If polonium-210 was used a poison, it would be logical to fully exclude the involvement of another person as a mediating agent, Fyodorov said.

... "If a person inhales polonium, several micrograms would be lethal. If the same dose penetrates the body, a person's internal organs would be exposed and a person would certainly notice - in fact, he or she would develop radiation sickness," he said.

If they have found traces of polonium on board the planes, it must have been metal particles or solutions, he said.

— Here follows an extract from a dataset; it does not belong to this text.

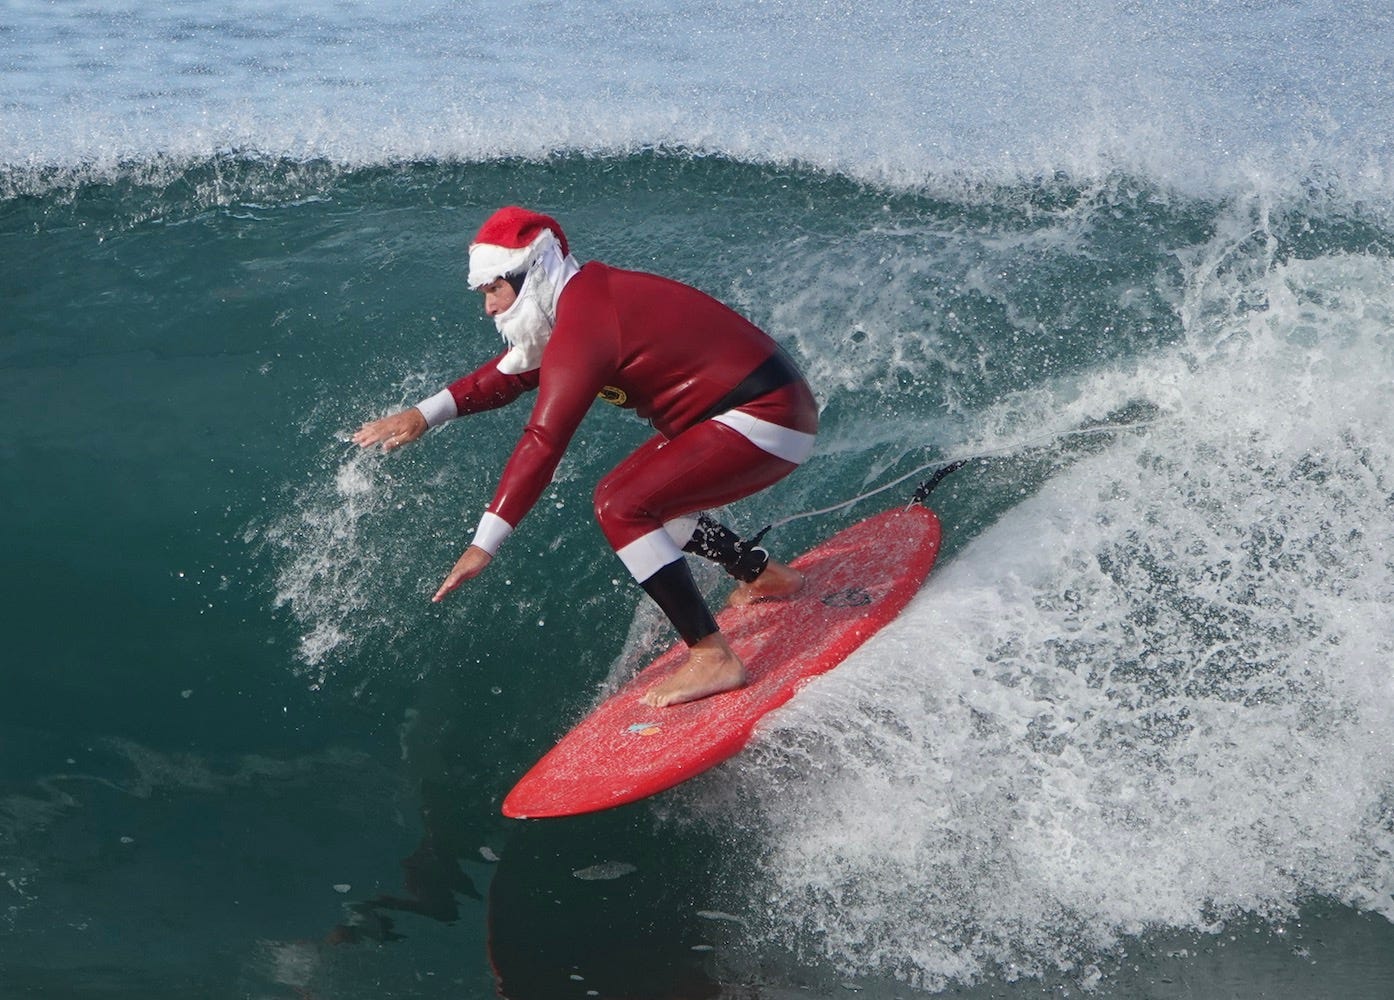 Tropical Christmas Surf Board Cutting Board

Radioactive substances might have been taken on board the plane accidentally, for instance, on the clothing or luggage of a passenger.

==================
Izvestia's 4 threories:

Izvestia
December 1, 2006
LITVINENKO HAD BECOME DANGEROUS FOR BEREZOVSKY
And three other theories about the mysterious events in London
Four theories about the Litvinenko poisoning
Author: Elena Ovcharenko, Vladimir Demchenko
[Police have reconstructed Alexander Litvinenko's movements on
November 1. He went to see Boris Berezovsky; he bought some
newspapers; he met with Andrei Lugovoi at the Millennium Hotel. He
met with Mario Scaramella at a sushi bar. Then he visited a
security firm - and that's when he started feeling ill.]

Mario Scaramella, the Italian who met with Alexander
Litvinenko on November 1 - the day the former KGB officer was
poisoned with polonium-210 - has revealed some details about the
meeting. Scaramella's words offer support for one of the theories
we presented earlier: that Litvinenko was involved in the black
market for nuclear materials. But police investigators aren't
rejecting some other theories either. Today we shall attempt to
look at all of them.

Scotland Yard detectives have some new questions for Boris
Berezovsky concerning the "Alexander Litvinenko death case." They
are interested in learning why Litvinenko visited Berezovsky's
office on the morning of November 1 - before his meeting with
Mario Scaramella. There is every reason to believe that at the
time of that morning visit, the radioactive polonium-210 was
either in Berezovsky's office or being carried by Litvinenko
himself.

Police have now reconstructed practically all of Litvinenko's
movements on that day. He went to see Berezovsky; he bought some newspapers in Piccadilly; he met with businessman Andrei Lugovoi at the Millennium Hotel. Then he met with Scaramella at Itsu, a Japanese restaurant. Then he visited a security firm - and that's when he started feeling ill.

Traces of polonium-210 have been found at all these locations
- but Berezovsky's office was first on the list. Now the oligarch
will be questioned again, and this questioning session is unlikely
to be an easy one for him.

Scotland Yard's professionals may soon determine exactly what
happened in the mysterious story of Litvinenko's death. Meanwhile,
all kinds of theories are still being considered.

First theory: Litvinenko was dealing in radioactive materials

We looked at this theory in our last issue. Traces of
polonium-210 were left everywhere Litvinenko went on November 1 - but none of the people he had contact with were poisoned. This
suggests that Litvinenko had the polonium on him. He was carrying
it around London and even showing it to some people, in an attempt
to sell it.

Some unexpected evidence in favor of this theory emerged
yesterday. Scaramella said that Litvinenko had told him, in
detail, about participating in a number of operations aimed at
selling radioactive materials abroad. This allegedly started when
he was still working for the Federal Security Service (FSB).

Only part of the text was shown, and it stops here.